We teach people how to see us.  I don’t know what it was, but something changed, and I decided I was tired of people always feeling sorry for me.  If we lead from a place of brokenness, insecurity or bitterness, that is exactly who they will think we are.  But, if we lead from a place of love and wholeness, with compassion and strength, they are able to see us for who we really are.  I started to speak out loud the beautiful things I saw in people, places and experiences I was having.  I was looking for it an I was speaking it, and what’s so amazing is that as I was looking for beauty all around me I was reconnecting with my community.  The more I made myself get out of my bed and connect and love people, the less I was noticing how much I was hurting.  The very nature of pain is selfish and pulls our focus inward.  When I focused my energy outward, when I was doing things that were life-giving, things that I loved, I wasn’t thinking about my pain.

Energy Shift

The best decision I made was to wean myself off of all the pain meds I had been on for so long.  It took four months to wean myself off of the meds completely.  My marriage couldn’t survive under the circumstances, and I found myself single for the first time in a decade, and as a result of my time in self-exile, the bills were piling up.  I decided to focus my energy on doing little projects around the house to help me reclaim the space as my own.  I didn’t think much of it at first, but friends began assuring me that I had a knack for design.

The Rest of the Story

In short time, friends asked me to collaborate on projects.  I started an Instagram account and began posting the things that I was doing.  People started asking me to help them throw dinner parties, arrange flowers, set tables and decorate spaces.  I learned to say yes.  Around this time I had also started having people who didn’t know me following me on Instagram.  I started getting comments like, “You live my dream life!” And “I want your life!”  And to be honest, it made me feel nauseous.  I remembered lying in my bed for years, looking on Facebook and feeling so depressed, wishing that was me playing with my children and having all of these adventures, instead of lying in my bed hurting all the time.  I needed to give people a context for my joy.  I ended up writing out my entire story and sharing it online.  I remember feeling so vulnerable and exposed when I hit publish, but I knew I needed to give everyone the full scope of what was going on.  The truth was, my circumstances had not changed.  I was still in pain every minute, I was handling a divorce and I missed my dad every day, but I had learned to live differently.

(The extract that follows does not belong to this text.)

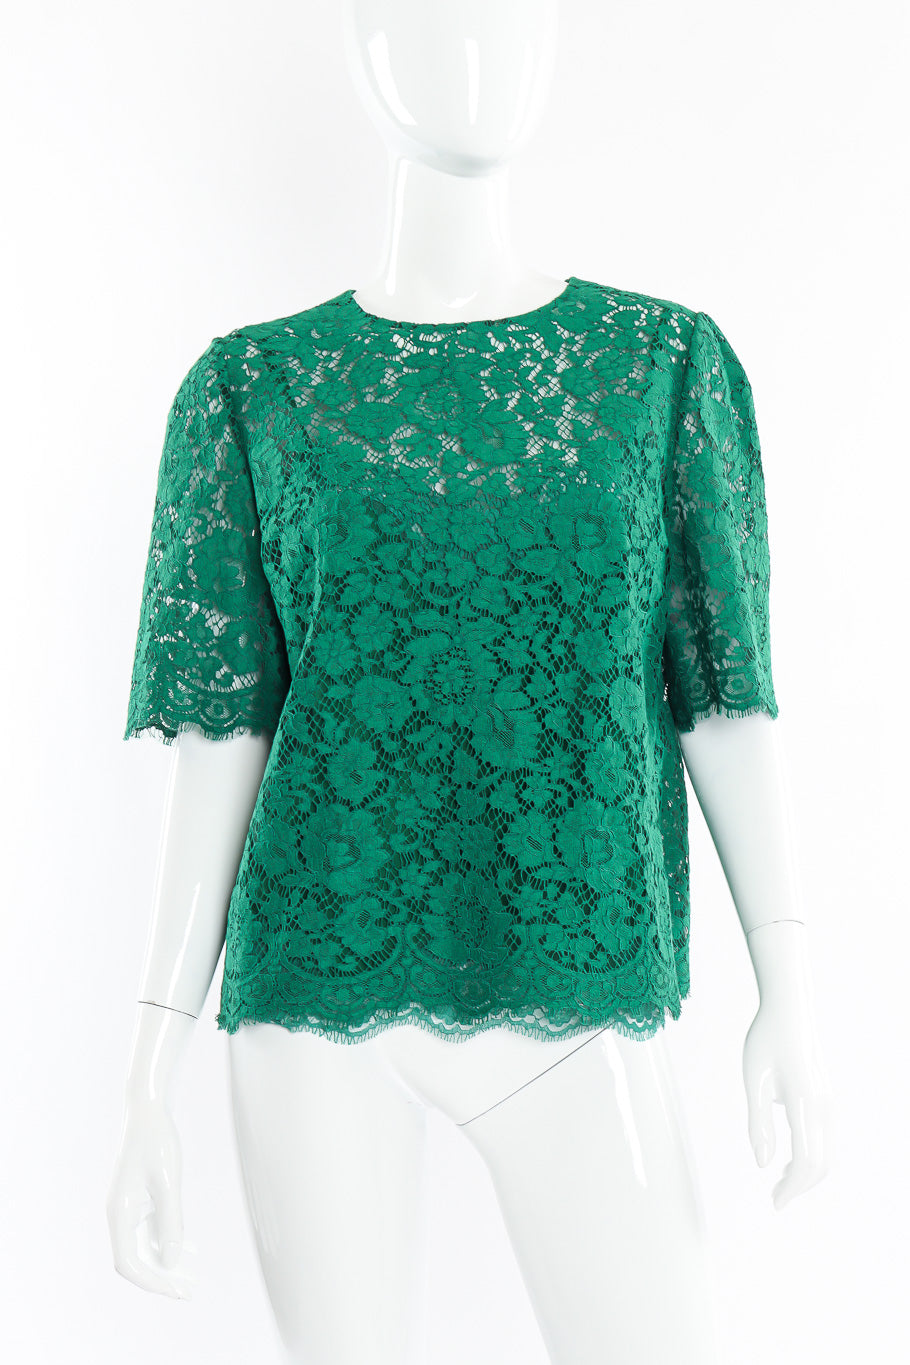 Dolce & Gabbana soutache lace top on mannequin @recessla

We so often think, “I will be happy once I get, fill in the blank (that boyfriend, a certain job, a husband, baby, that house, etc.).”  But those things won’t fulfill us, until we ourselves are fulfilled.  I learned to find contentment despite my hardship.  And unexpectedly, I discovered that exposing myself made me feel less vulnerable.

Living to Thrive

Suffering is one of the things that unifies humanity.  At some point or another we all experience loss.  Sometimes, feeling hopelessness can give us a new lens through which to see the world because we learn to be more empathetic to those around us.  Now when I interact with someone suffering from heartache, loss or unendurable physical pain, I immediately have common ground to stand on with him or her.  I would never wish what Iv’e experienced on anyone, and I know that there are plenty of people with even more harrowing personal stories, but if telling my story of overcoming anguish helps just one person feel like she or he is not alone in despair, then at least what I went through had a purpose.  It took a long time, but I finally found myself.  It’s not the version of a life that I fantasized about as a child, but it’s better, because it’s a life that I earned in triumphing over my misery.  I’m proud to say I learned resilience from the unexpected, and now my mission in life is to thrive.